C’era una bambina in me che desiderava protezione e rispetto, c’era una donna troppo cresciuta che desiderava coraggio, personalità e meno responsabilità. Mancava la ragazza che avevo diritto di essere. Spensierata, sorridente, studiosa e con degli obiettivi diversi da quelli prefissati

Cominciavo,così,  a temere il sesso maschile. Per strada mi balzava il cuore nel trovarmi vicino  ad un semplice passante. La notte avevo gli incubi, quando mangiavo ero sconcertata e stavo sviluppando una violenza e un’aggressività che, oltre ripercuotersi su me stessa, come ero già abituata a fare, scatenavo anche sulla mia famiglia.

Mia madre capiva che avessi qualche problema anzi, più precisamente, lo intuiva. Era un po’ confusa e depistata da un “personaggio” costruito e studiato, per filo e per segno,  per far credere che le mie “stranezze” fossero tratti caratteriali e non patologici.  

Il mio isolarmi, non mangiare con la famiglia, dormire durante i pasti, il mio essere aggressivo era confuso con un brutto carattere. Ci soffrivo di questo, ma mi stava bene. L’importante per me era non guarire. Non sapevo come mi sarebbe andata a finire, mi domandavo, però , spesso se sarei arrivata al punto di farmi tanto male da uccidermi. 

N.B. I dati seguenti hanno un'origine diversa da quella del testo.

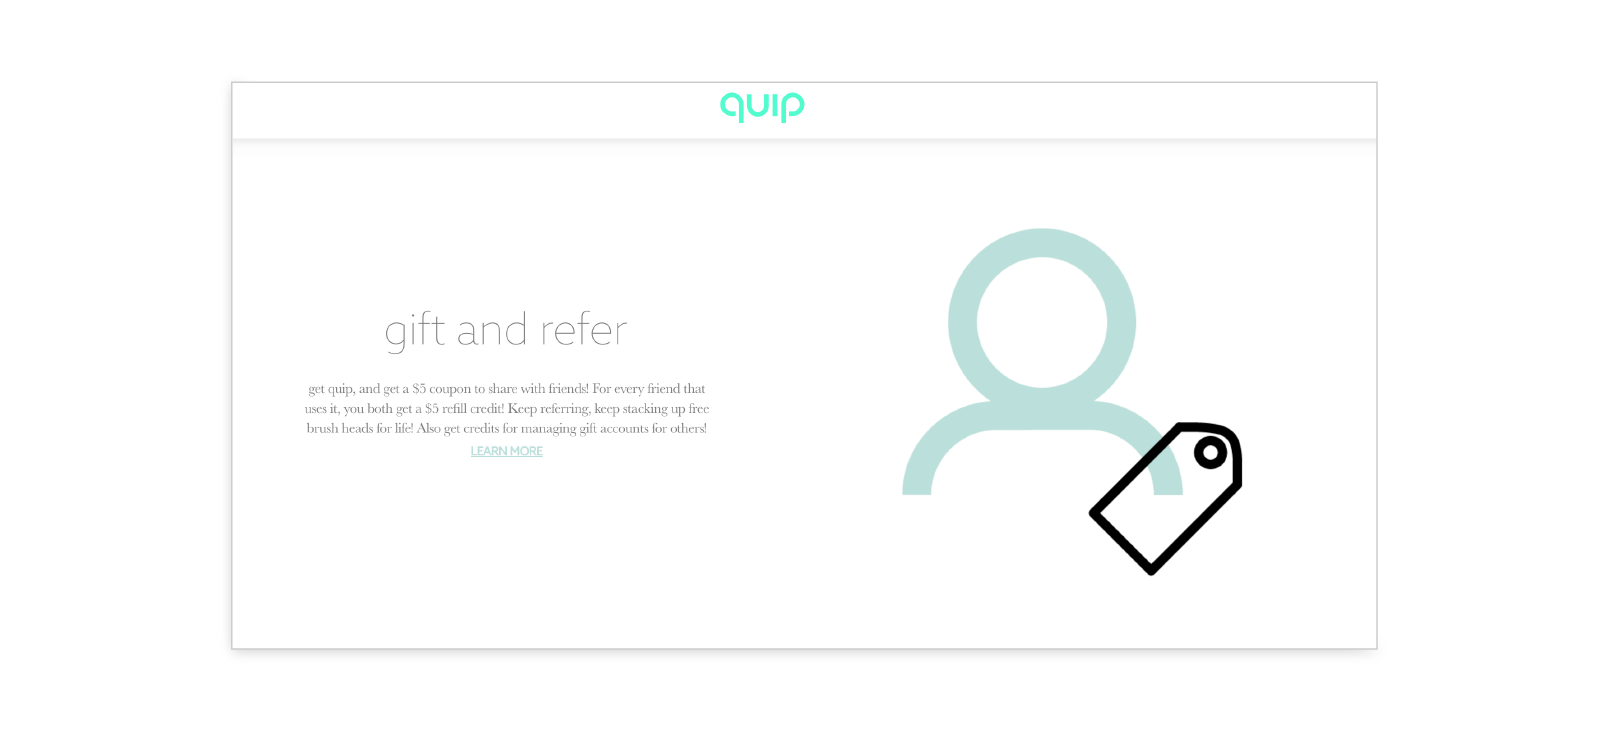 quip coupon credit referral example

La Ragazza Cubica non è una stronza che avrebbe voluto farmi del male per il mero piacere. E’ quella bambina sofferente, ormai cresciuta, con tanta rabbia e frustrazione che mi chiedeva semplicemente aiuto. Un aiuto che alla fine ho colto.

Lei, una dolce creatura che ho compreso e ascoltato forse dopo troppo tempo.                   Lei, a cui devo tanto ..perchè è con la sua sofferenza e la sua fragilità che mi ha resa quella che sono oggi. Tutto a spese sue. 


“Facciamo una cosa, scriviamo un nuovo diario. In questo diario ognuna delle due ha il proprio spazio. Io scrivo i miei pensieri e tu scrivi i tuoi”.

Vi sa di pazzo, vero? Si, anche a me.. ma ci siamo tutti sul fatto che la normalità non sia mai stato il mio tratto distintivo, no?

Vi dico, eppure, che proprio questo è stato il mio segreto per non essere sopraffatta e devastata da quel mio lato irrazionale: dividere nettamente le mie due personalità.


Nonostante le mie difficoltà e le mie stranezze non ero sola. C’erano e ci sono ancora quei quattro folli amici che mi hanno sempre accettata e amata per quello che ero, che mi sentivo di essere e che sono.

Uno di questi è lui, il mio migliore amico. Una delle note perfette in quella che era la mia vita stonata. Dieci anni di amicizia vera. Una persona che, nonostante le mie mancanze, i miei limiti mi ha sempre fatta sentire quasi indispensabile per lui. Una compagnia con la quale dimenticare tutti i problemi e con la quale ridere, ridere di pancia. Lui, un buffo latin lover, con le sue mille avventure e dissavventure.

“ahi Ni.. come potrei fare senza di te?”

Scusatemi, oggi mi sono dilungata forse un po’ troppo! Certo che avete una pazienza a leggermi.

La Ragazza Cubica vi saluta e vi augura una meravigliosa giornata.